Стасик детей никогда не любил. Чужих. И говорил, что своих заводить еще рано. Надо пожить для себя, обустроиться, карьеру сделать. Потом… Потом вовсе до объяснений не снисходил.
– Ладно, я понимаю, залететь можно и по дурости. – Теперь Евгения говорила с упреком, но мягко. – Но ведь проблему можно решить, сейчас это просто.
– А ты откуда знаешь? – огрызнулась Варвара.
– Исключительно из теории… Зачем ты оставила ребенка?
– Может, потому что люблю?
– Кого?
– Стаса.
– Дура!
– А ты… ты… Ты ничего не понимаешь! Ты никогда ничего не понимала! Я люблю его! По-настоящему люблю! И мы будем вместе! Счастливы…
Алина едва успела отскочить: распахнувшаяся дверь ударила по стене.
– Ой, – вырвалось у Алины, когда на нее налетела разъяренная Варвара. – А… а у вас… У вас тушь потекла!
Это получилось совершенно не специально, наверное, Алина слишком долго боялась быть пойманной за подслушиванием, что теперь, когда ее и вправду поймали, растерялась. От растерянности сказала глупость.
– Что?!
– Тушь потекла… вот здесь, – отступать было поздно, да и в образ дурочки ситуация вписывалась как нельзя лучше. Алина коснулась левого глаза. – Наверное, не водостойкую брали или подделка. Я вот недавно тоже купила тушь. Дорогую. В магазине. Фирменную. А она течет. И я подумала, что это потому, что подделка. Ведь если бы настоящая фирменная, она бы не текла…

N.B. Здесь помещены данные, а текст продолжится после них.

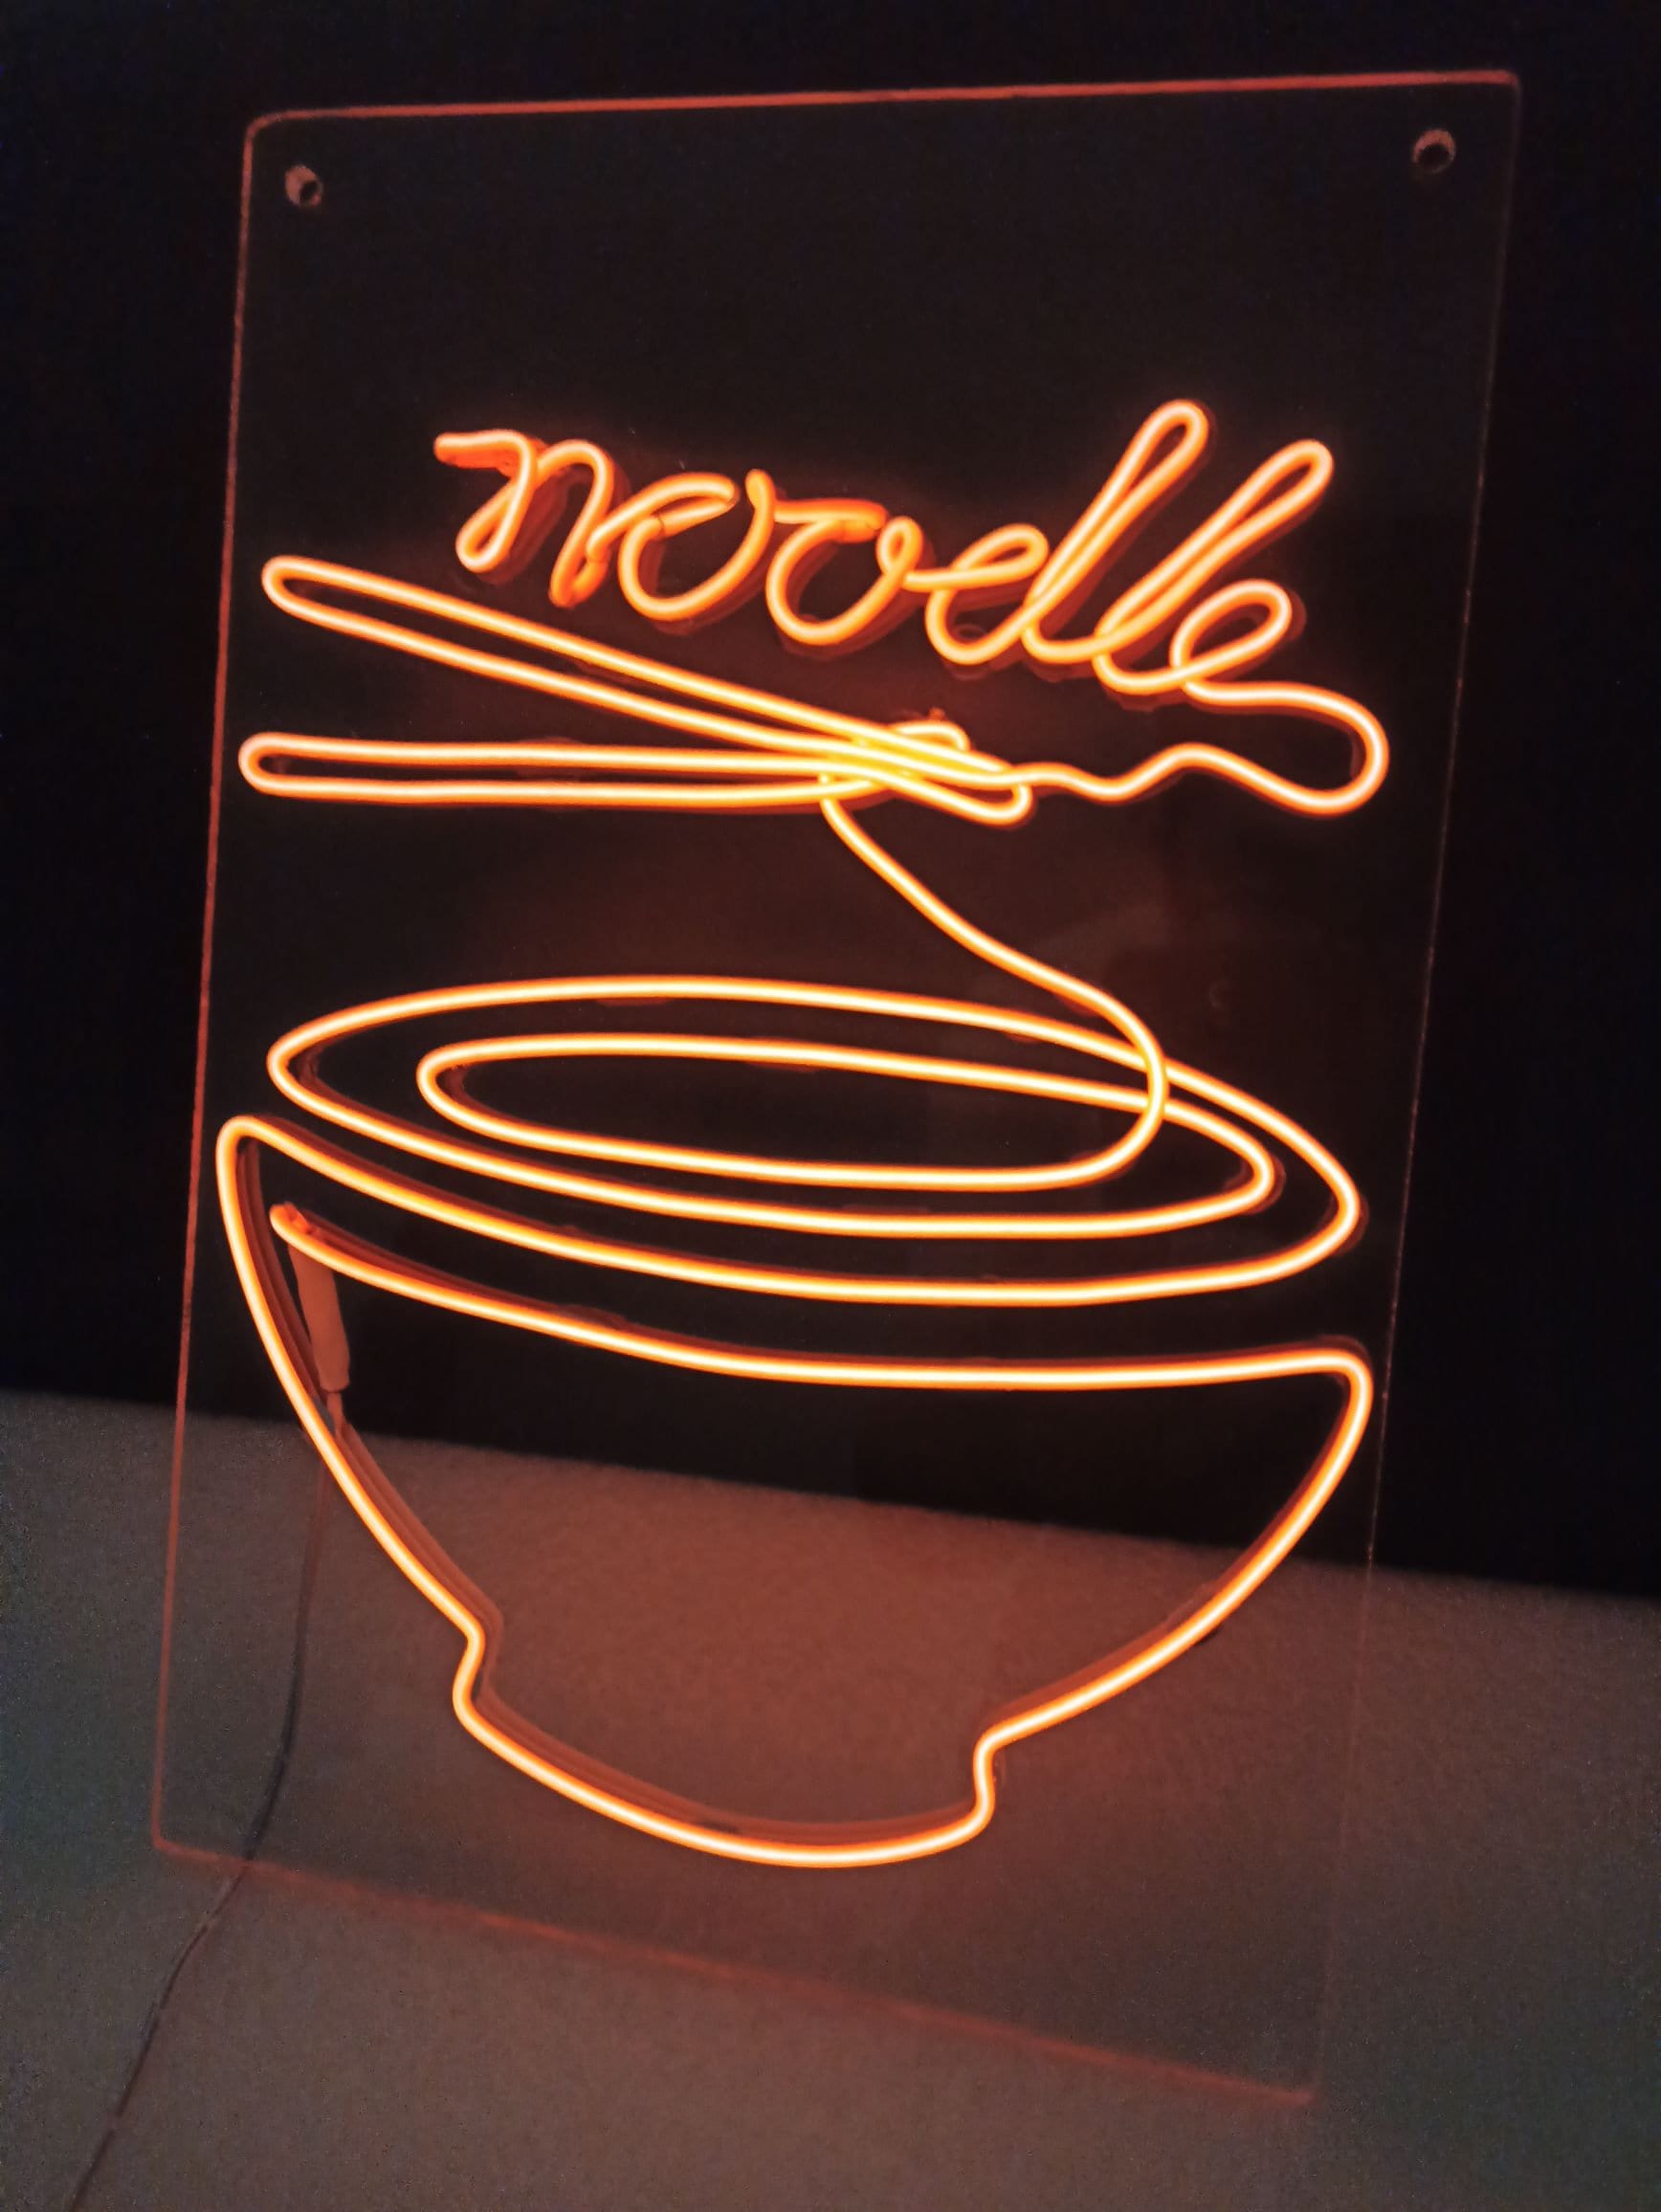 A neon sign of a bowl of noodles - Neon orange

– Господи, еще одна идиотка… – Варвара практически оттолкнула Алину с дороги.
– Не стоит обижаться на мою сестру. Она немного перенервничала. – Из комнаты вышла женщина. Даже не вышла – выплыла.
Сама она была высокая, крупнотелая, но без излишней полноты. Просторные одежды несколько скрывали очертания тела, что, впрочем, нисколько не портило Евгению. Было в ее облике нечто такое, стародавне-купеческое.

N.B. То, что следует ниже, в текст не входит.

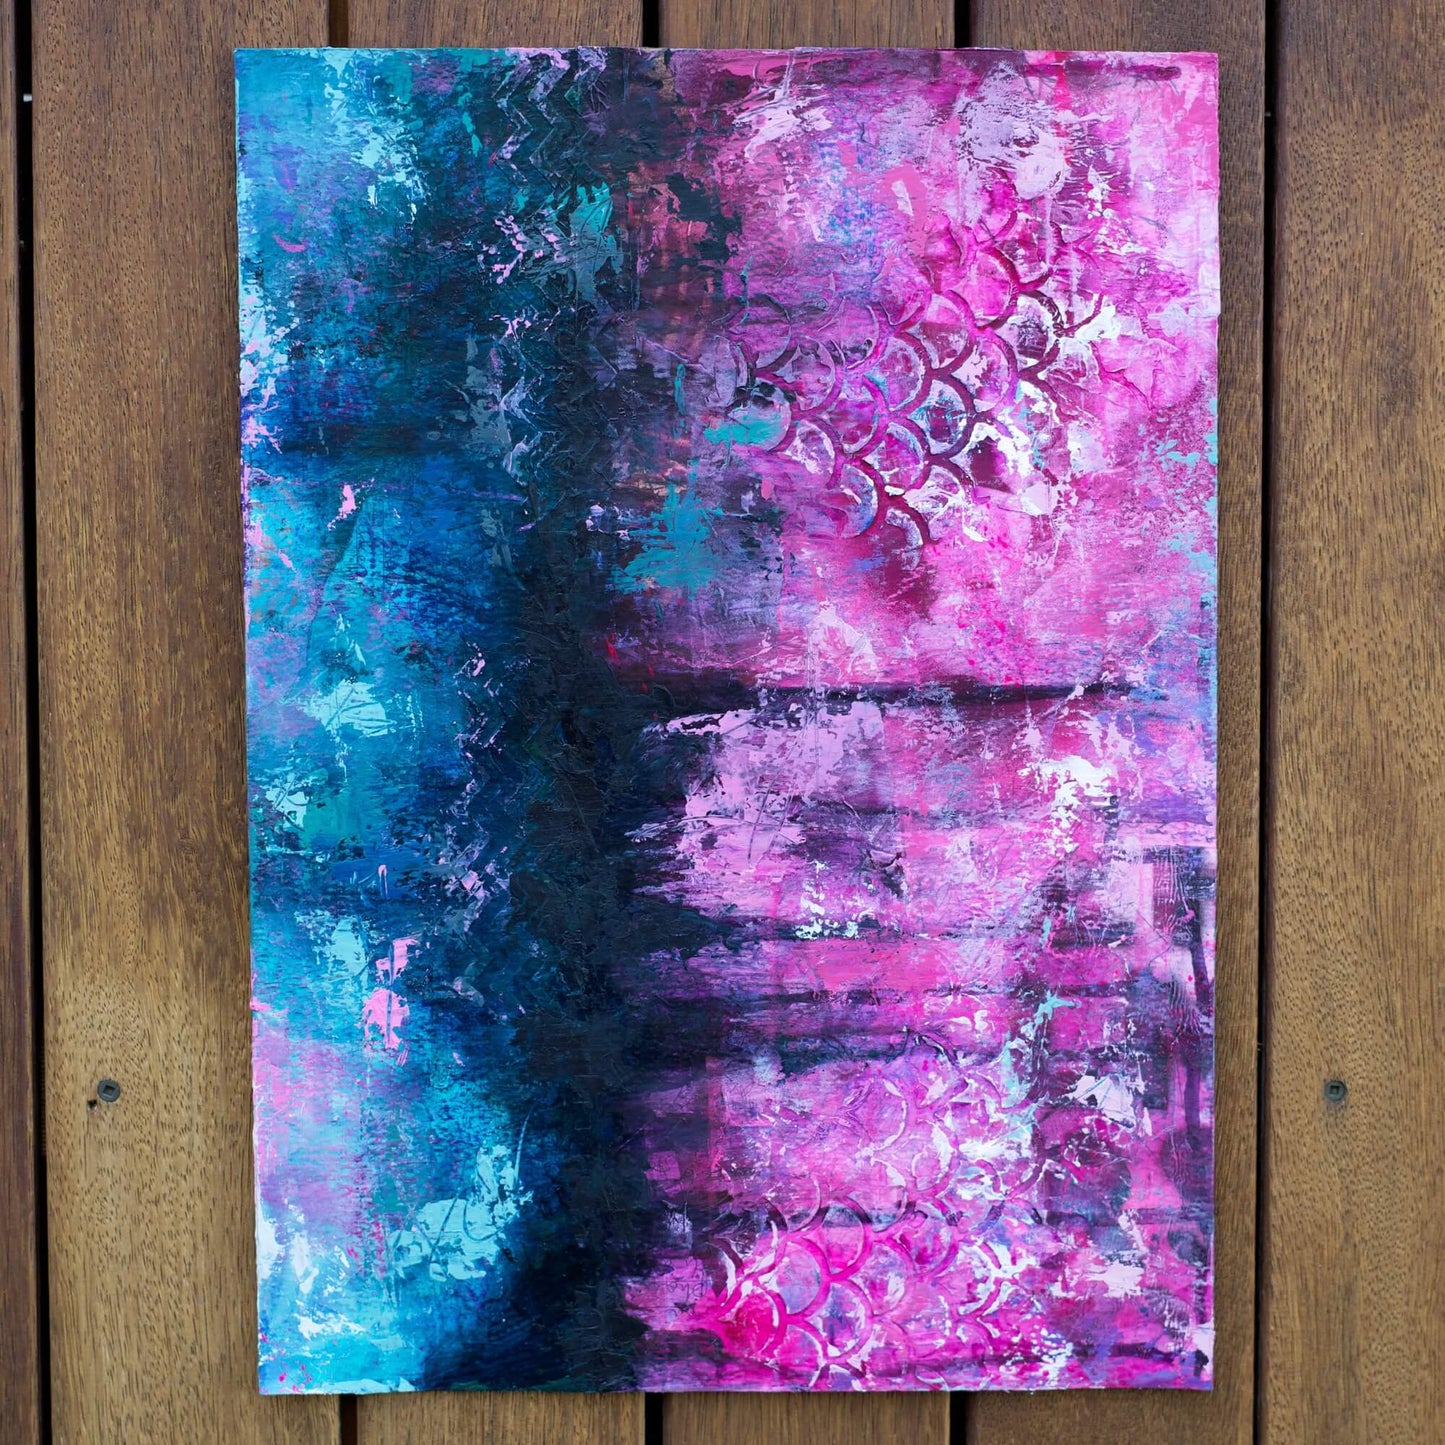 abstract painting for sale melbourne, magenta, blue black, dark abstract painting

Шаль пуховая вязаная, что возлежала на крутых плечах? Или же волосы, уложенные короной. Она и несла эту старомодную прическу – кто ныне возится с косами? – уверенно, словно та и вправду короной была. Покачивались в ушах тяжелые серьги, переливались разноцветными камнями перстни на пальцах.
И несколько ниток бус, лежавших поверх золотого креста, гляделись весьма уместными.
– Вы, должно быть, Алина, – сказала Евгения, протянув руку. И Алинину ладонь пожала крепко, уверенно. По-мужски. – Егор мне рассказывал о вас… Вы многое слышали?
Мягкий вопрос.
Ни тени упрека.
– Не-а, – солгала Алина, сама себе удивляясь, – только что она кого-то любит. А вам это не нравится, да? Маме тоже Максик не нравится. Я ей говорила, что он хороший, а мама все повторяет, что я достойна большего. А Максик и так большой!
Евгения улыбнулась, снисходительно, с печалью.
– Примерно так…
– А вы ее тоже замуж не пускаете? Мама меня не пускает. Но это глупо! – воскликнула Алина, цепляясь за хвост шали. Ей пришлось приноровиться к шагу Евгении. – Максик хороший! И если любишь, то все равно будешь вместе.
Ей пришлось идти мелкими шажками, потому как нормально шагать в этой юбке да на каблуках было сложновато.
– Деточка, – сказала Евгения с укором, – иногда стоит прислушаться к мнению взрослых. Ты, конечно, не поверишь, но очень часто они бывают правы…
Евгения и не трудилась скрыть снисходительность.
Хорошо.
Значит, поверила, что особым умом Алина не отличается.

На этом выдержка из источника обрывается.